We grow accustomed to seeing the same unfortunate people in the Square: the same sleeping bags outside the Coop at night, the same cajoling man selling Spare Change News outside Au Bon Pain, the same lady on the benches in front of Bank of America. Familiarity breeds blind comfort, and somewhere along the line, we begin to see our neighbors in the Square as the nameless homeless, instead of people much like ourselves.
We cease at last to be sympathetic to their misfortunes or interested in their lives, instead coming to ignore them outright. Finally, we participate in and endorse a culture of stark and impenetrable walls. But there is very little in reality dividing Macleod and me. I cannot forget that, for the most part, it is only happenstance that entitles me and my classmates to the warm quiet of the library and damns him to the cold.

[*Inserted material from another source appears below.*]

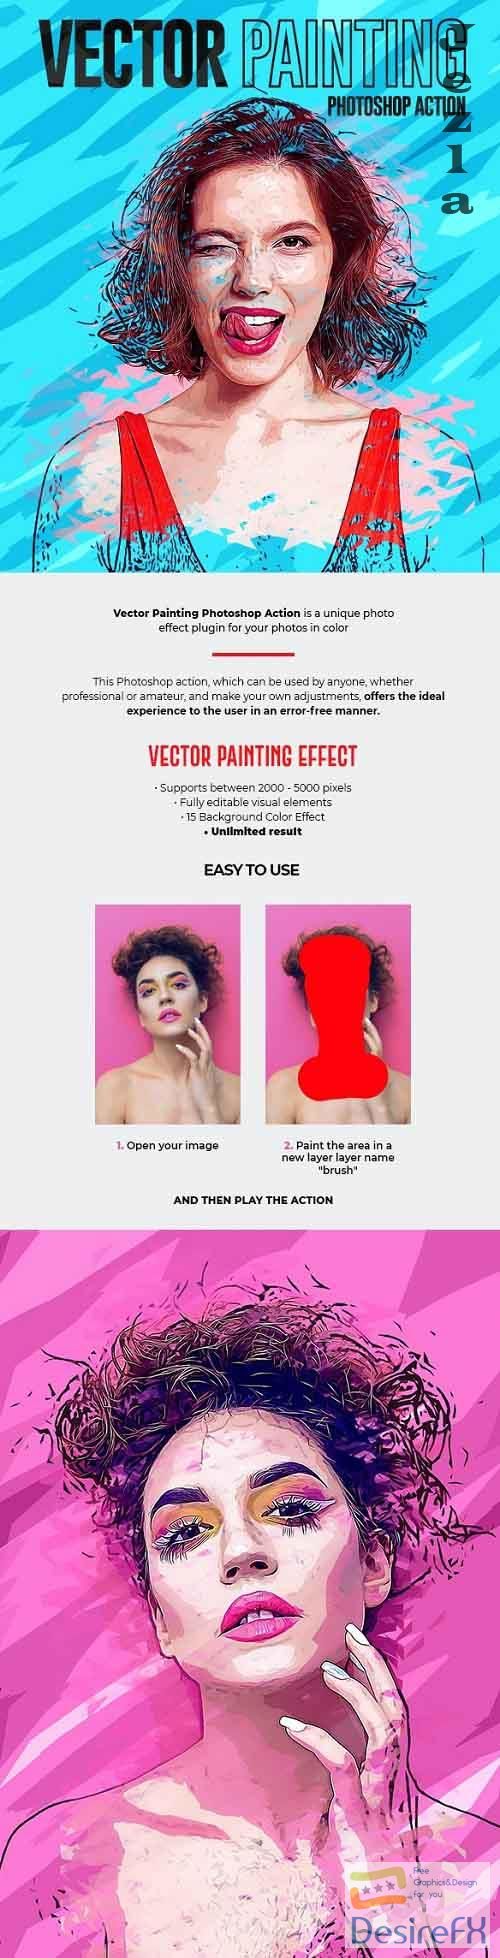 Vector Painting Effect Photoshop Action 26992554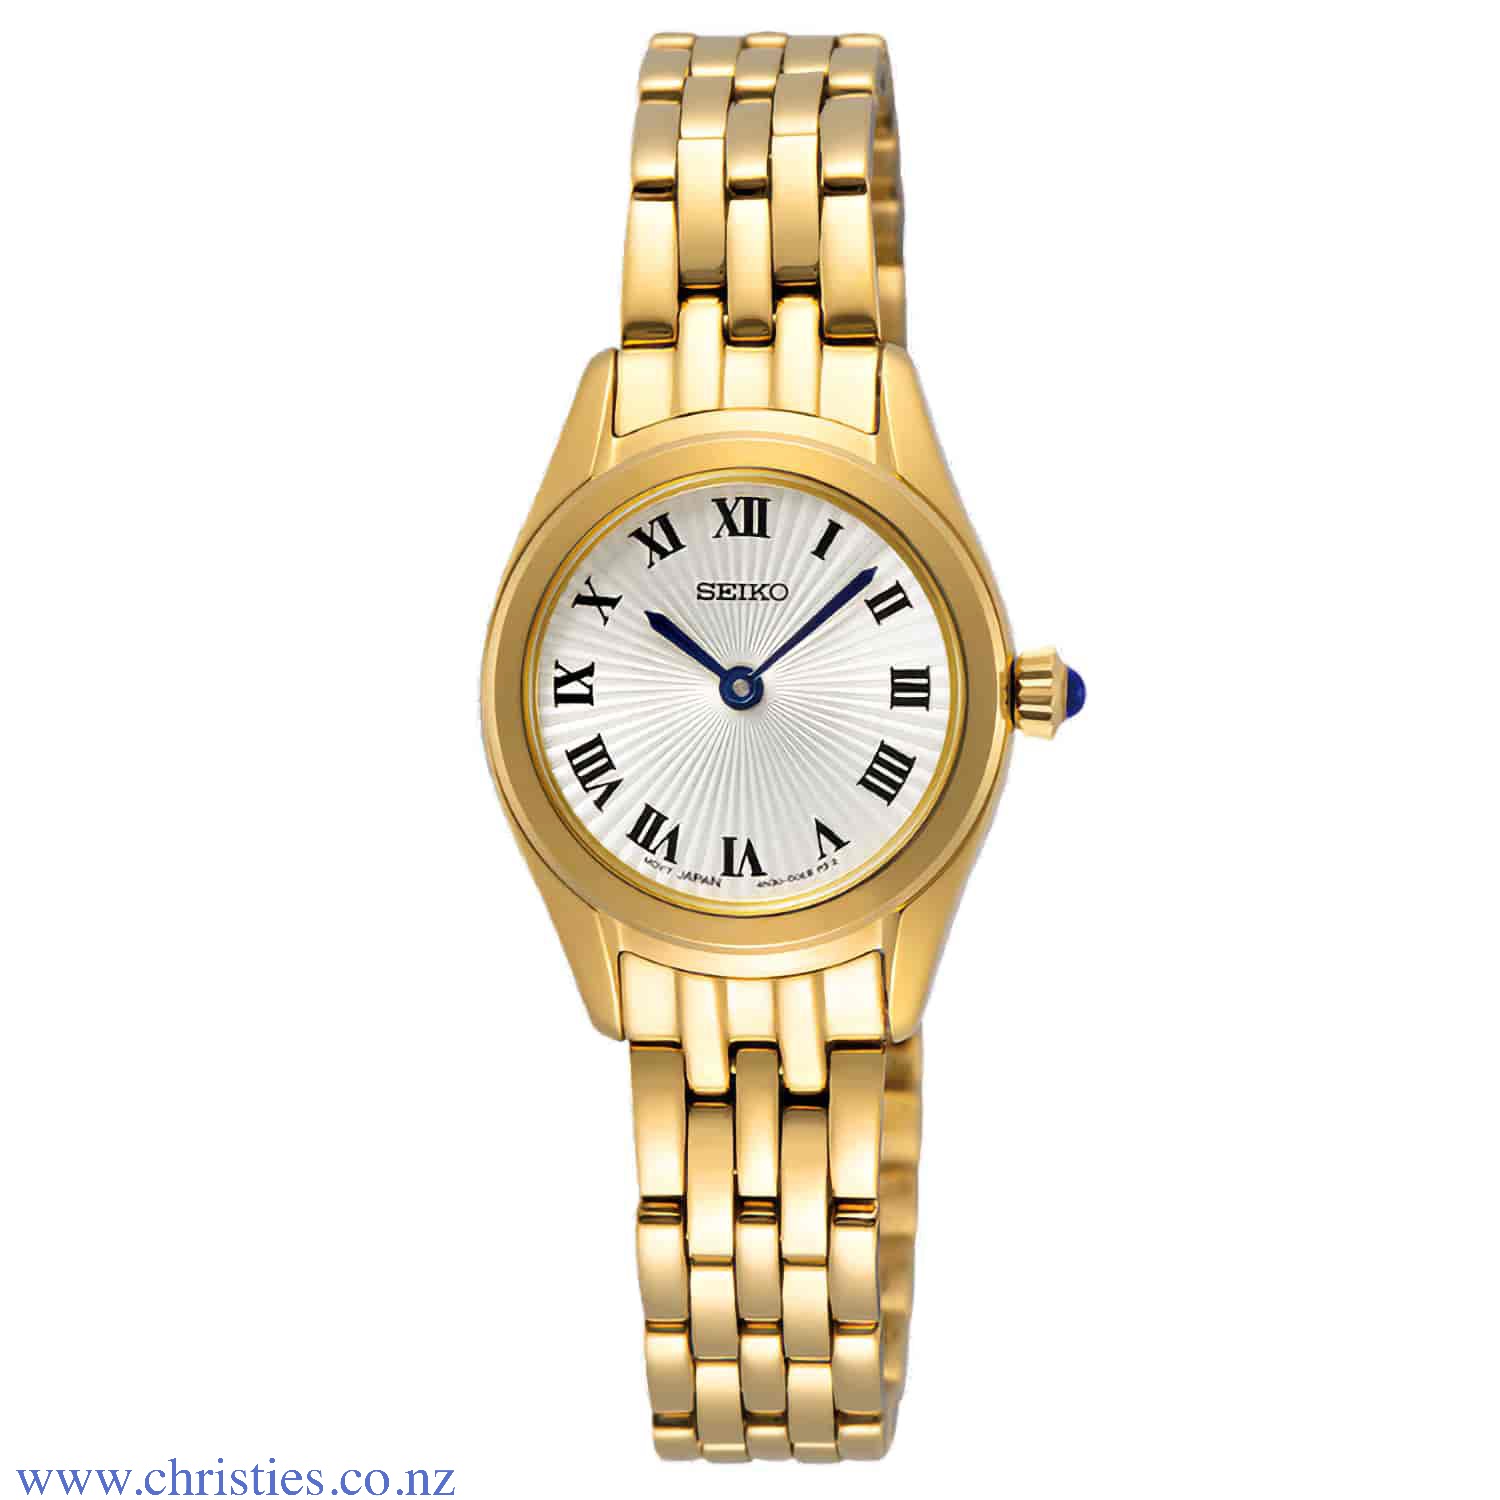 SWR040P Seiko  Ladies Yellow Gold Watch. Seiko SWR040P  Ladies Yellow Gold dress Watch LAYBUY - Pay it easy, in 6 weekly payments and have it now. Only pay the price of your purchase, when you pay your instalments on time. A late fee may be app seiko pros

This revelation followed fast on the heels of the arrest I observed back in March. I couldn’t help but silently apologize for being afraid of the ‘trespasser’, for hesitating before I shook his hand, and for regretting making eye contract in the first place. We should never be so smug in our privilege that contact with that unfamiliar Other becomes a source of distaste. And while it may seem futile and even self-indulgent to sit uncomfortably in an armchair in William James feeling guilty, the opportunity for honest confrontation of our privilege as Harvard undergraduates will prove worthwhile as long as it informs future interactions with those that might not share in the same advantage.
Rachel M. Singh ’10, a Crimson editorial editor, is a social studies concentrator in Pforzheimer House.